In case, you didn't get your invite in time, the Harvey Awards were held at the Baltimore Comic Con this past weekend and there was some exceptional material honored there. Eisner and Feiffer were inducted into the Harvey Kurtzman Hall of Fame, Russ Heath received the Hero Initiative Lifetime Achievement award, Fiona Staples was voted the best Cover Artist and Best Artist for the epic Saga and the Best American Edition of Foreign Material went to Blacksad: Amarillo...which was co-written by the esteemed Neal Adams and Katie LaBarbera. Congratulations to both writers and to the original witer, Juan Diaz Canales. Also, Juanjo Guarnido should be honored for his exceptional artwork, storytelling and coloring work on all the Blacksad titles. Dark Horse has a real gem here and I hope Guarnido keeps drawing my favorite Black Panther Private Eye forever!

Blacksad: Amarillo has now won an Eisner and a Harvey award and it's a real gift to get some very nice dialogue from Neal Adams.

Which brings up a secondary subject, the writing career of Neal Adams. Starting with Jughead joke pages, Neal moved quickly onto convincing an editor at DC Comics to let him write two issues of The Spectre..issues #4 and #5. "Stop that kid before he wrecks the world" was Neal's entrance into the world of writing superheroes and it was a terrific story. It certainly didn't hurt that he handled the art as well, but the plot and dialogue were solid and very readable. A second issue followed, "A fugitive from justice" which also featured Neal's art.

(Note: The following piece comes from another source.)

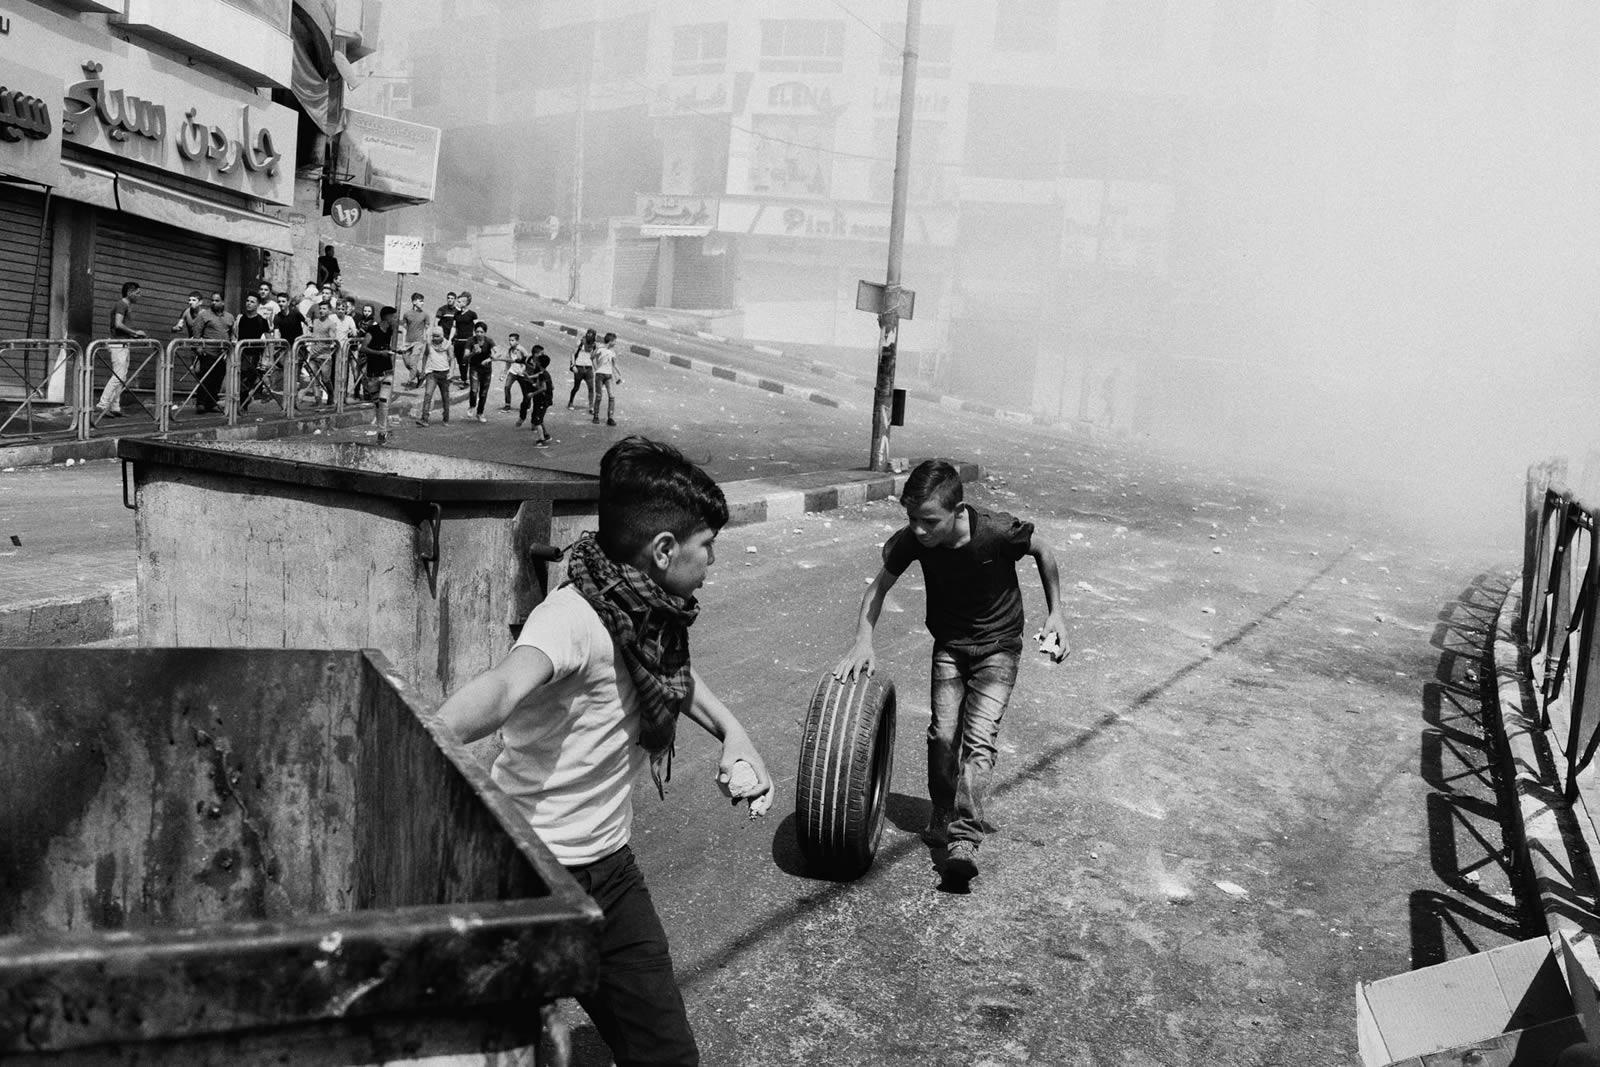 巴勒斯坦青少年居住於持續出現創傷事件的地方,令他們感到憤怒、擔憂,並對未來失去希望。© Moises Saman/Magnum Photos

Moving on to Deadman, Neal took over the writing and art chores of the series, bringing in the Sensei, the League of Assassins and Nanda Parbat. Deadman remains a pillar of brilliant work, both words and pictures. The League and Nanda Parbat have recently appeared in the Arrow TV show.

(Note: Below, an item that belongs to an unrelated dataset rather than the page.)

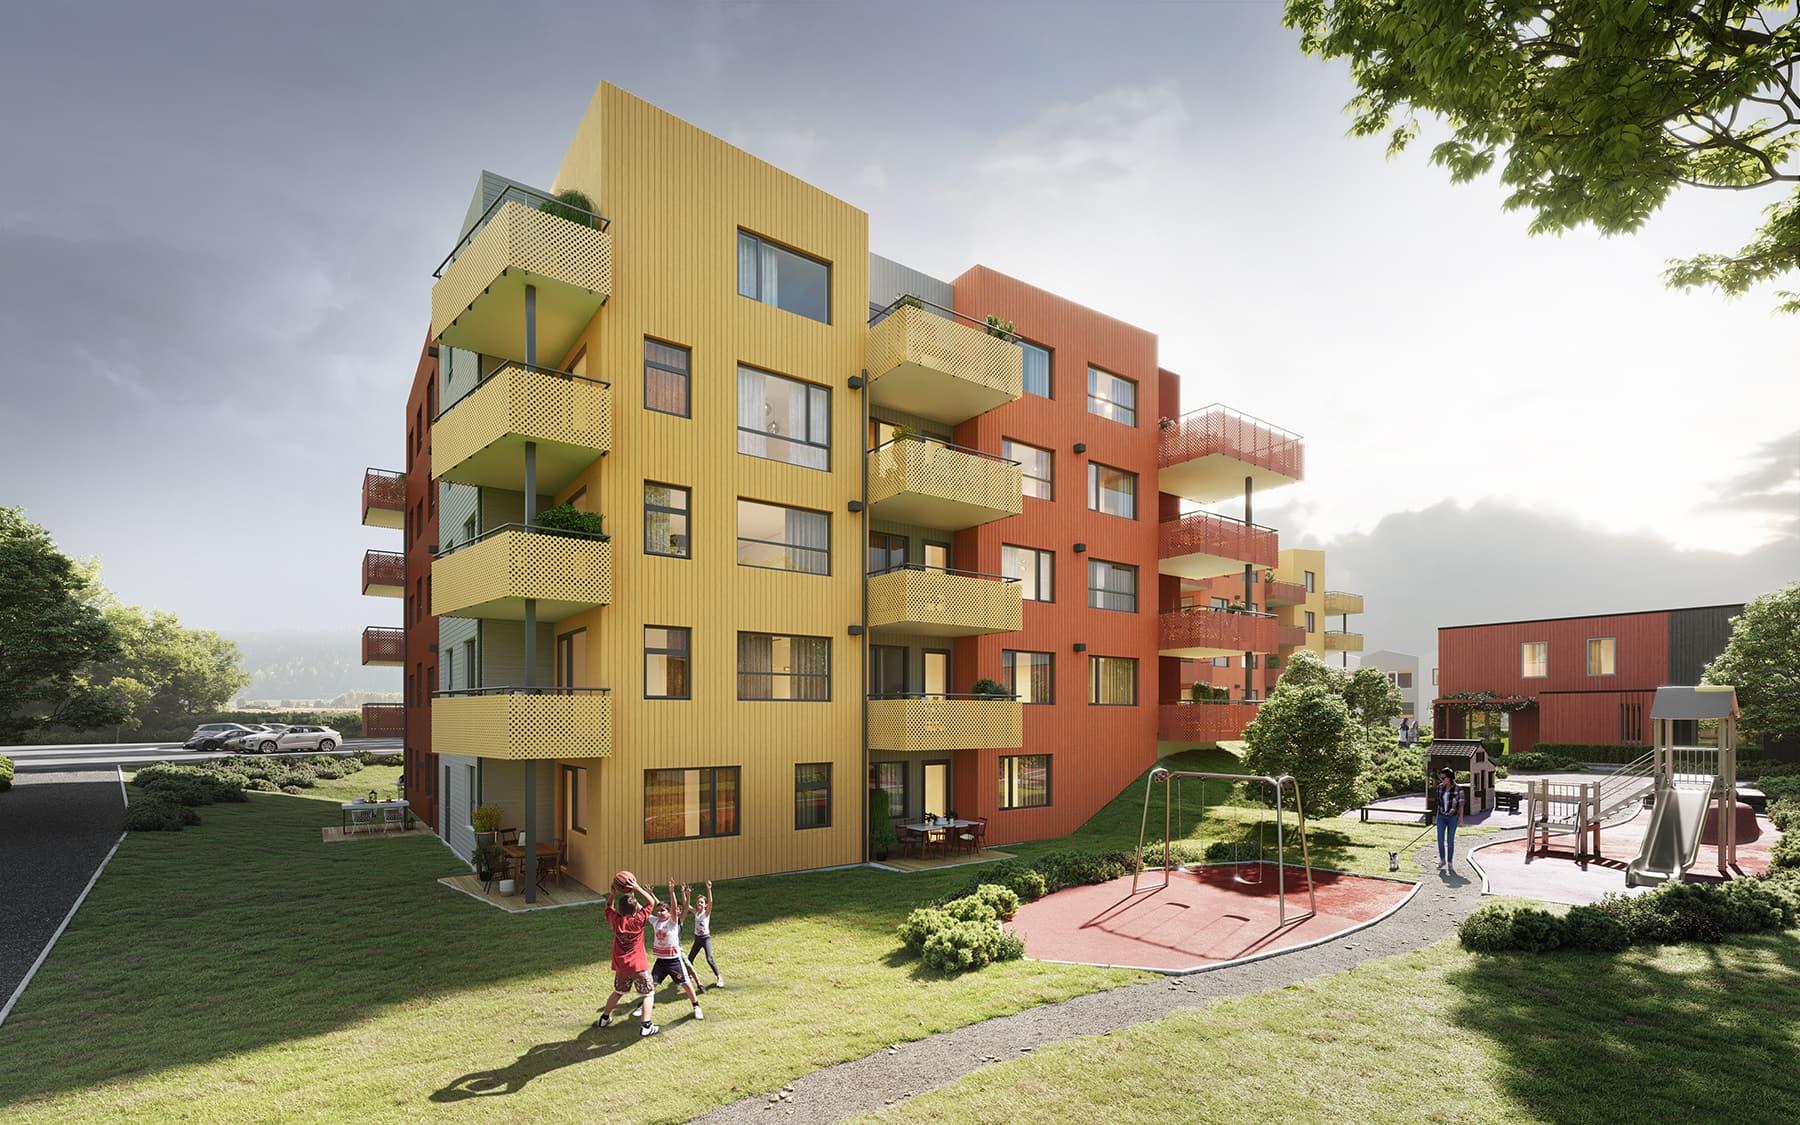 Fasadebilde av blokk C2 på byggetrinn 6 på Reppetoppen. Sett fra nord, med lekeplass og barn som leker i forgrunnen. 3D-illustrasjon.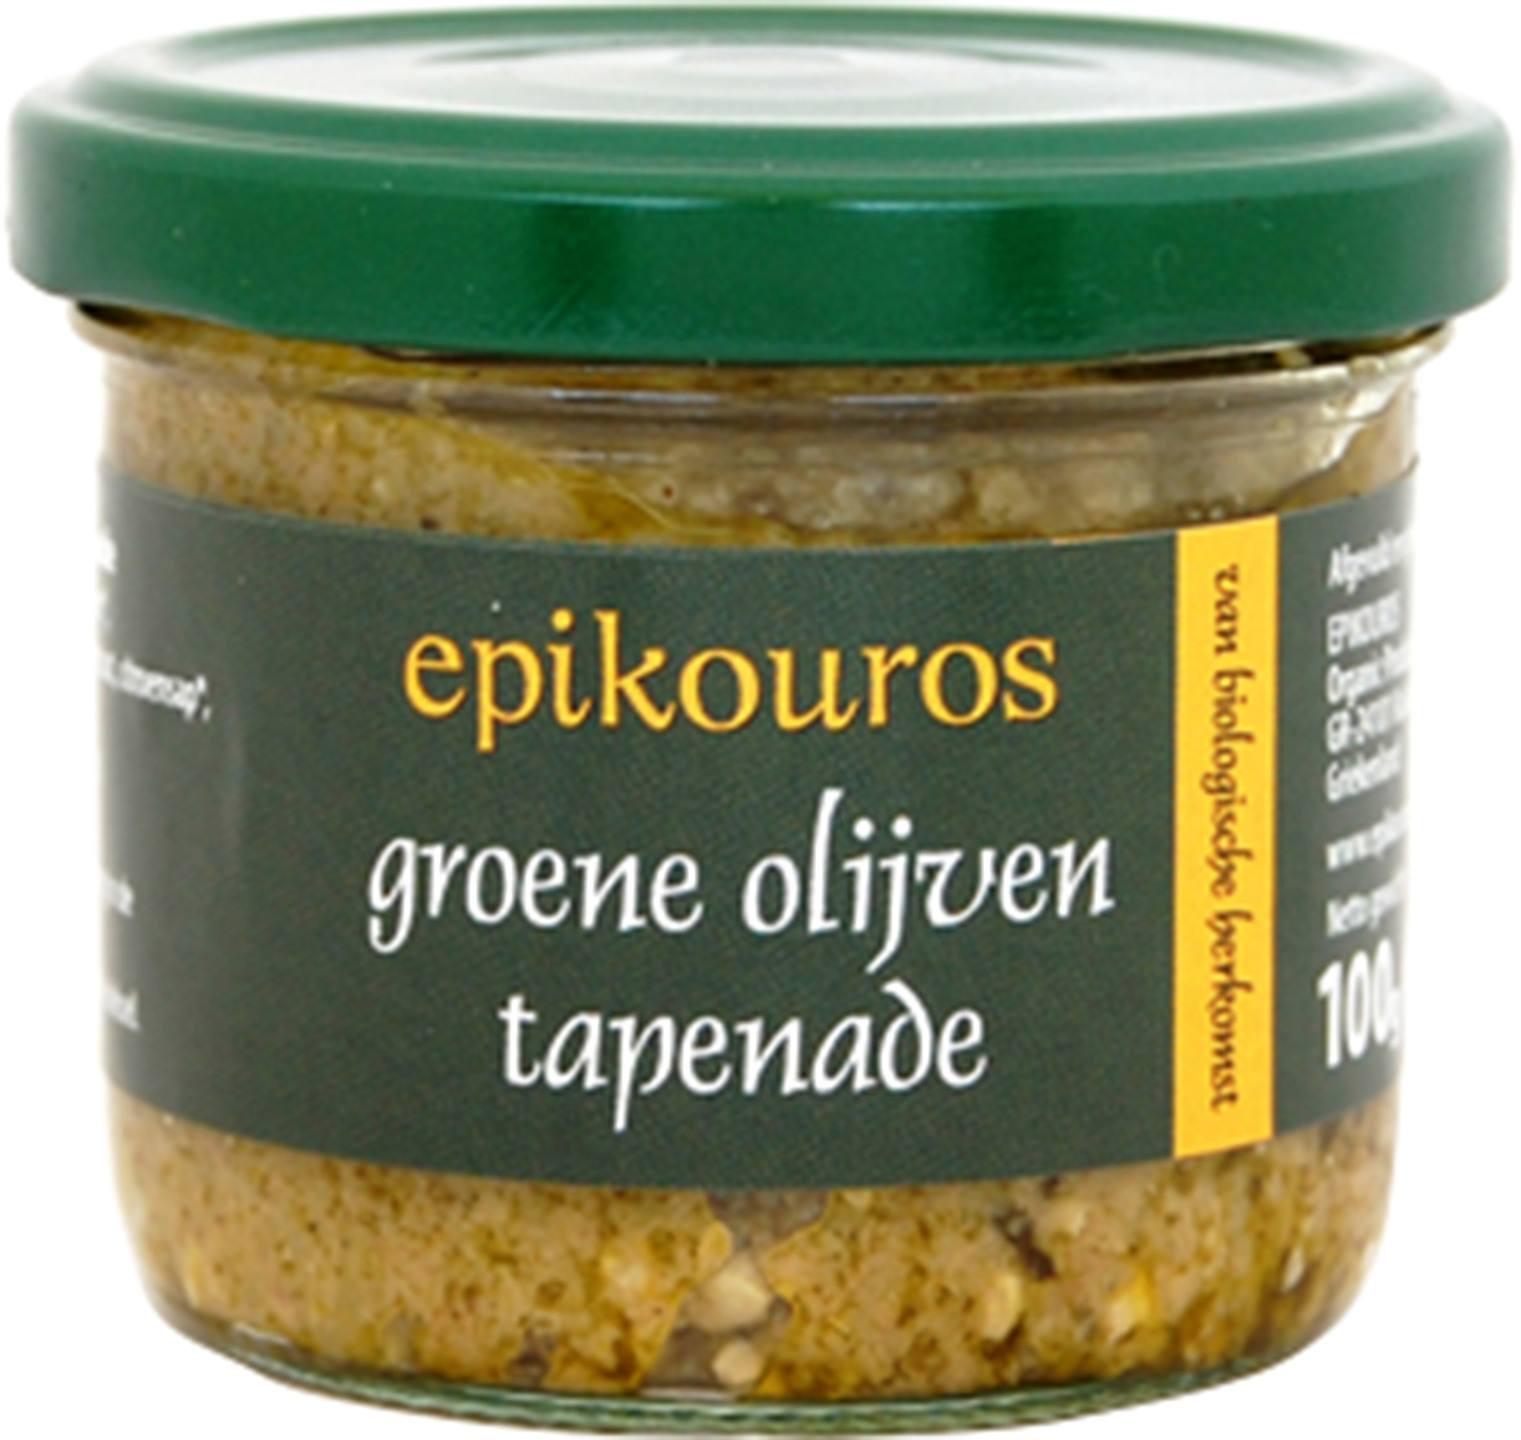 Biologische Epikouros Groene olijven tapenade 100 gr

Neal plotted the work he penciled on The Avengers "Kree/Skrull War" as well as his ground-breaking X-Men run which introduced an unmasked Magneto, the energy-vampire Sauron, the plot used for the first X-Men movie, the Mutates, and Havoc. These stories remain viable and fresh as the day they were created and easily adaptable to other media forms.

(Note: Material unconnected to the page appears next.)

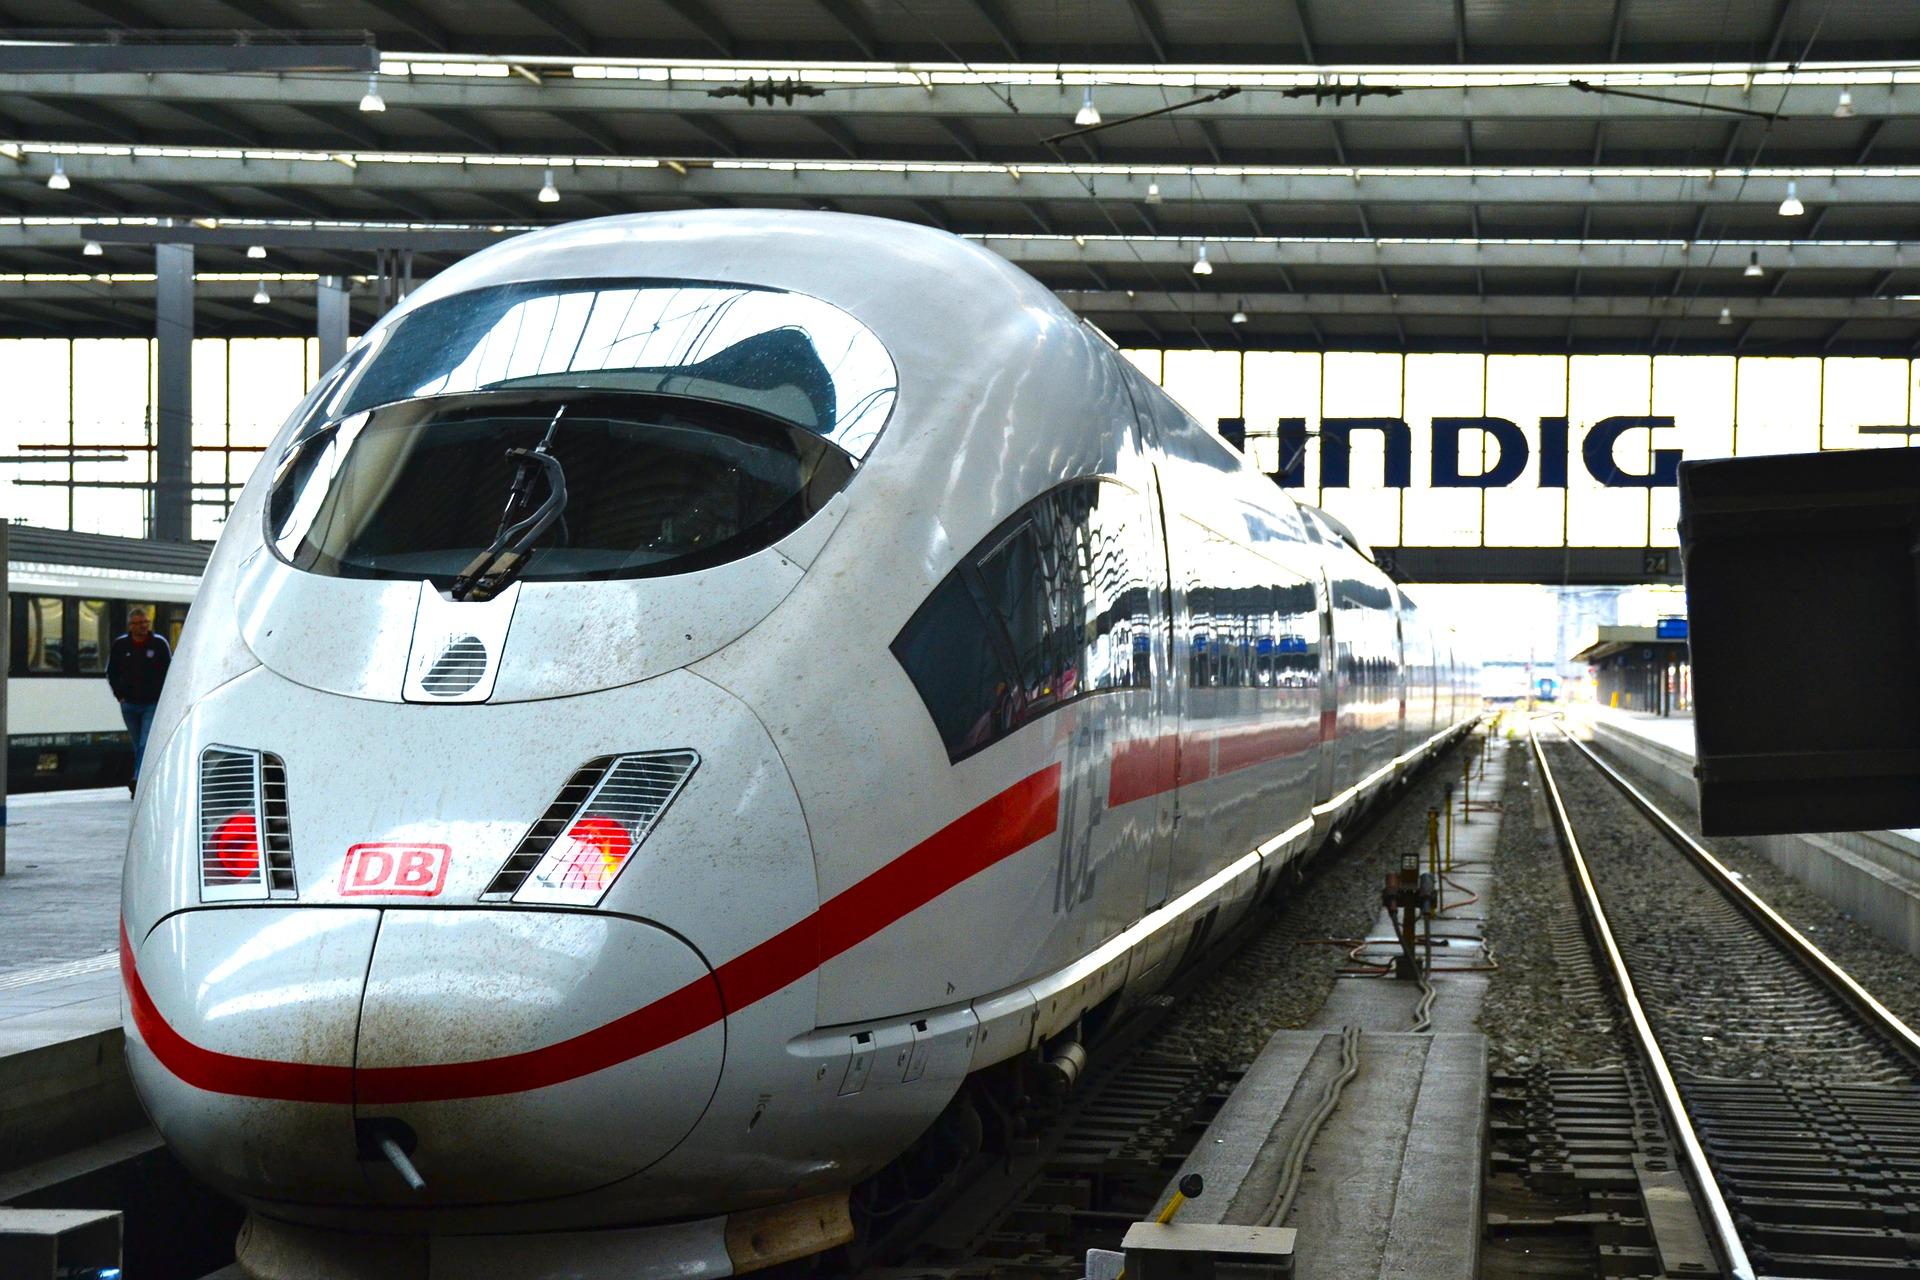 München Hauptbahnhof (Munich Central Station, Munich, Germany

Superman Vs. Muhammad Ali was based on a Neal Adams' plot and he finished the story and dialogue when Denny was unable to complete it. It remains a pinacle of Superman excellence. There is a page Neal wrote concerning how Lois, Perry and Jimmy react to this iconic hero. He continues to talk about how alien warriors, seated around distant cookfires who speak with reverence about "the man who would not far down". It is perhaps my favorite page describing Superman and his place in the DC universe.

Neal has written and plotted and created the Continuity Universe, wrote Blood for Dark Horse, Batman: Odyssey and his new Superman/New Gods series. He's spent his life telling stories through words and pictures. While he seldom gets any credit or respect for his work, it's a very respectable body of work. No writer pleases all the people all the time, but Neal's plots and new characters are always well thought out and executed. Some may not like one work, but they love another work. That's the way it goes. Blacksad: Amarillo, however, is a nice nod to a legendary artist AND writer.